The once-pristine headwaters of the Mississippi River are being threatened by steady population growth, more intensive farming and the loss of thousands of acres of wetlands and forests, a trend that has prompted an ambitious new plan to protect the river by preserving natural land in its watershed.
The idea is to stem the rising flow of nitrates, phosphorus, road salt and other pollutants found each year in the upper reaches of the great river, which provides drinking water for nearly half Minnesota's population.
The Nature Conservancy and Ecolab Inc., one of the state's largest employers, outlined the plan Thursday, warning that the Mississippi could otherwise become as polluted and unusable as the Minnesota River and some of the other murkiest waterways in the state. They are asking the state and local municipalities to protect and restore 208,000 acres of natural land within the headwaters at a cost of up to $600 million.

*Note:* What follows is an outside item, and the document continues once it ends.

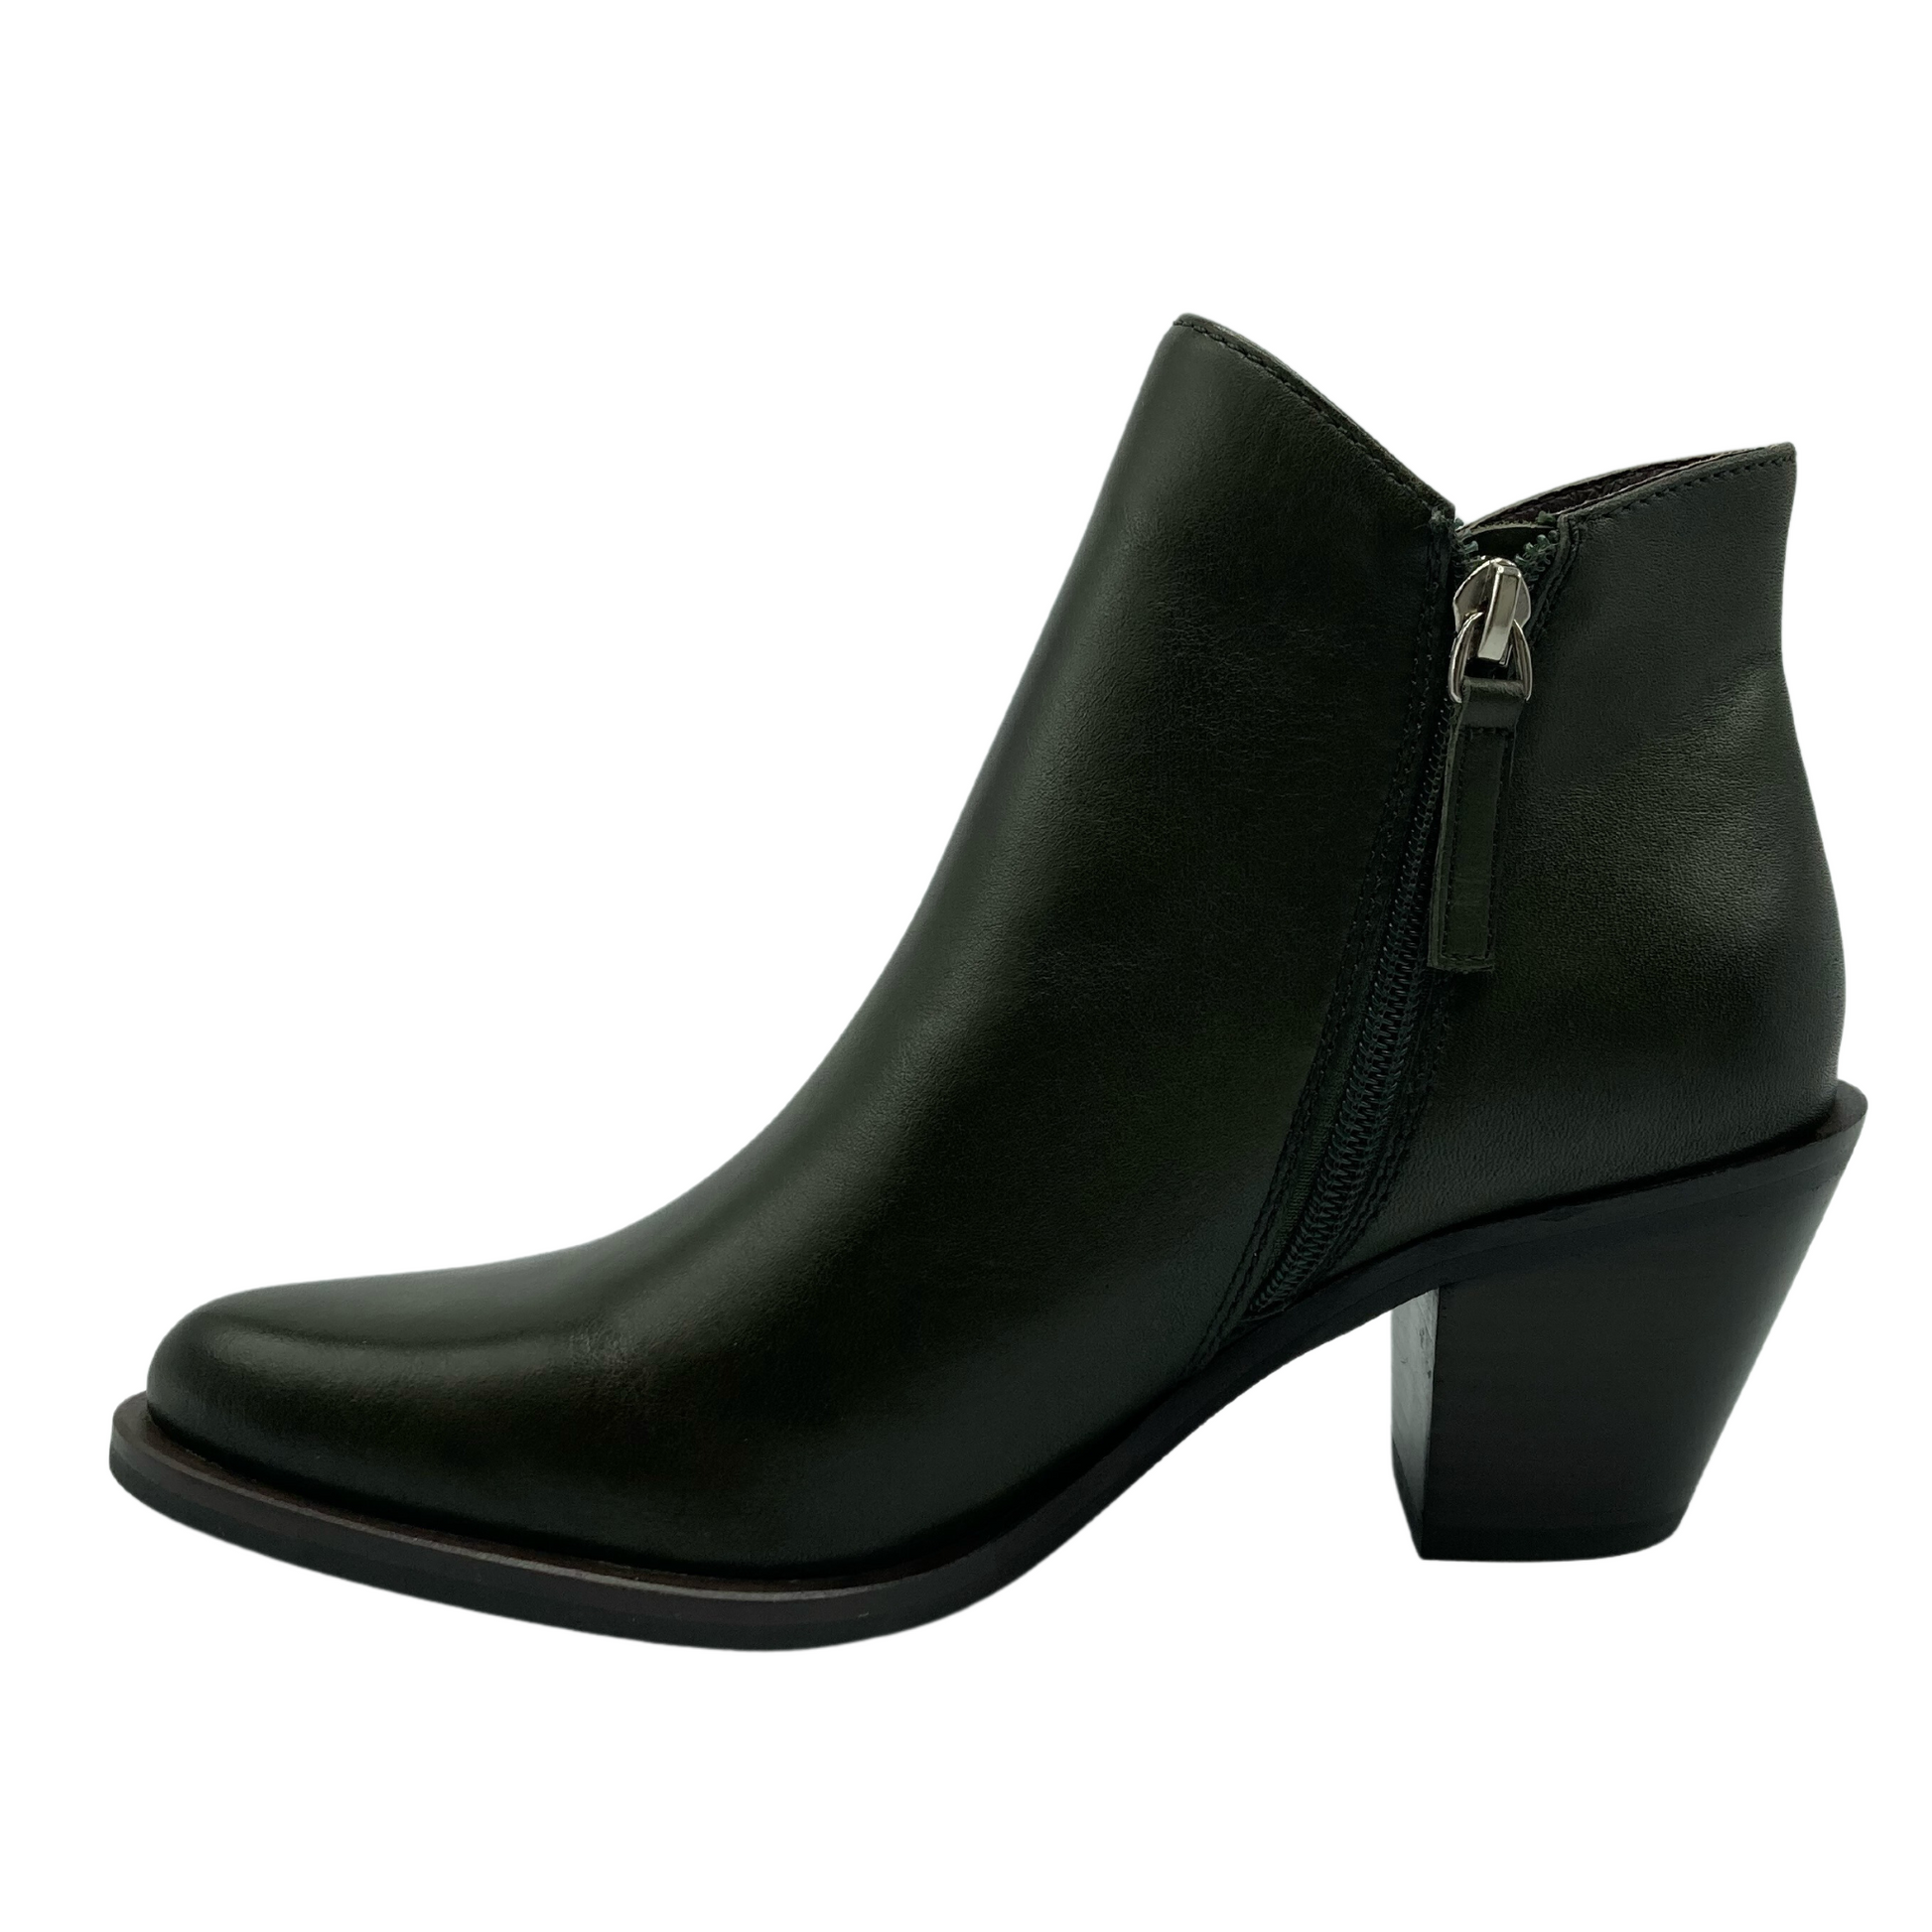 Right facing view of short leather boot with zipper, pointed toe and chunky heel

The study acknowledges it's a hefty price but estimates that if those key areas alone could be preserved — a fraction of the 13 million acre basin — it would save property owners and cities in central Minnesota over $130 million annually in drinking-water treatment costs, replacement of contaminated wells, lost tourism spending and reduced property values for lakeshore homes and other real estate.
If nothing is done, the study argues, taxpayers will eventually be on the hook for another multibillion-dollar cleanup project, like the one now focused on the Minnesota River.
Prevention is the more reasonable and cost effective way of dealing with a problem that will only get worse, said Doug Baker, CEO of Ecolab.
"We have a chance not to make the same mistake twice," Baker said in an interview Wednesday.
During the four-year period 2008 to 2012, Minnesota lost wetlands at the highest rate in the country and cut down forests at a rate that was second only to Georgia, according to a study from the University of Wisconsin.